Said Obama: “You know, a lot of you remember the tragedy of 9/11 and where you were on that day, and, you know, how all of the country was ready to come together and make enormous changes to make us not only safer, but to make us a better country and a more unified country. And President Bush did some smart things at the outset, but one of the opportunities that was missed was, when he spoke to the American people, he said, ‘Go out and shop.’ That wasn’t the kind of call to service that I think the American people were looking for.”
Partisan and bipartisan
They were at their most partisan on Iraq.
“(Obama) was wrong,” McCain said in his latest appearance, “and I think he used his position on Iraq for political reasons to get the nomination of his party.”
Three years earlier, Obama had defended his stance.
“I specifically said in a speech in the Plaza in Chicago — about six months before the war was launched — I said, ‘I’m not on the Senate Intelligence Committee, but I don’t see any serious evidence of weapons of mass destruction.
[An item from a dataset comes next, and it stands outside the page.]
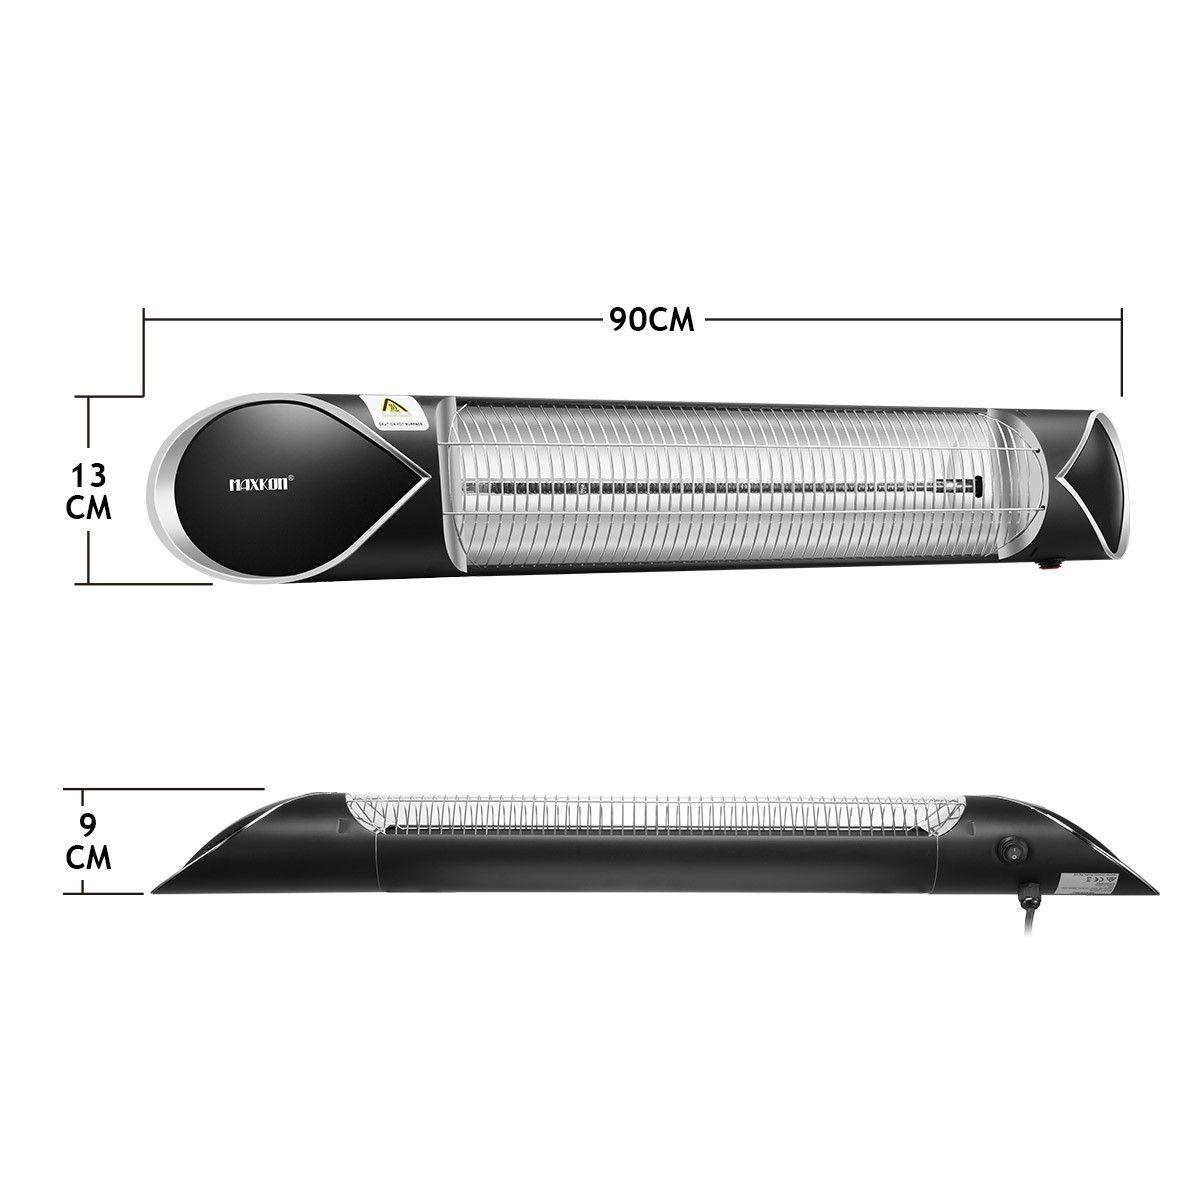 Maxkon 2500w Carbon Fibre Infrared Heater Instant Heat

I don’t see a connection between Saddam Hussein and al-Qaida. This is going to cost us billions of dollars and thousands of lives, and we’ll fan the flames of anti-Americanism.’ And I think I’ve been pretty restrained in not saying ‘I told you so.’”
Often, though, in the rarified air of the Aspen Institute, the two struck far less partisan tones than in the heat of presidential debates. Obama criticized “ideological warfare.” One month later, McCain blasted the “rise of extremism in both parties.”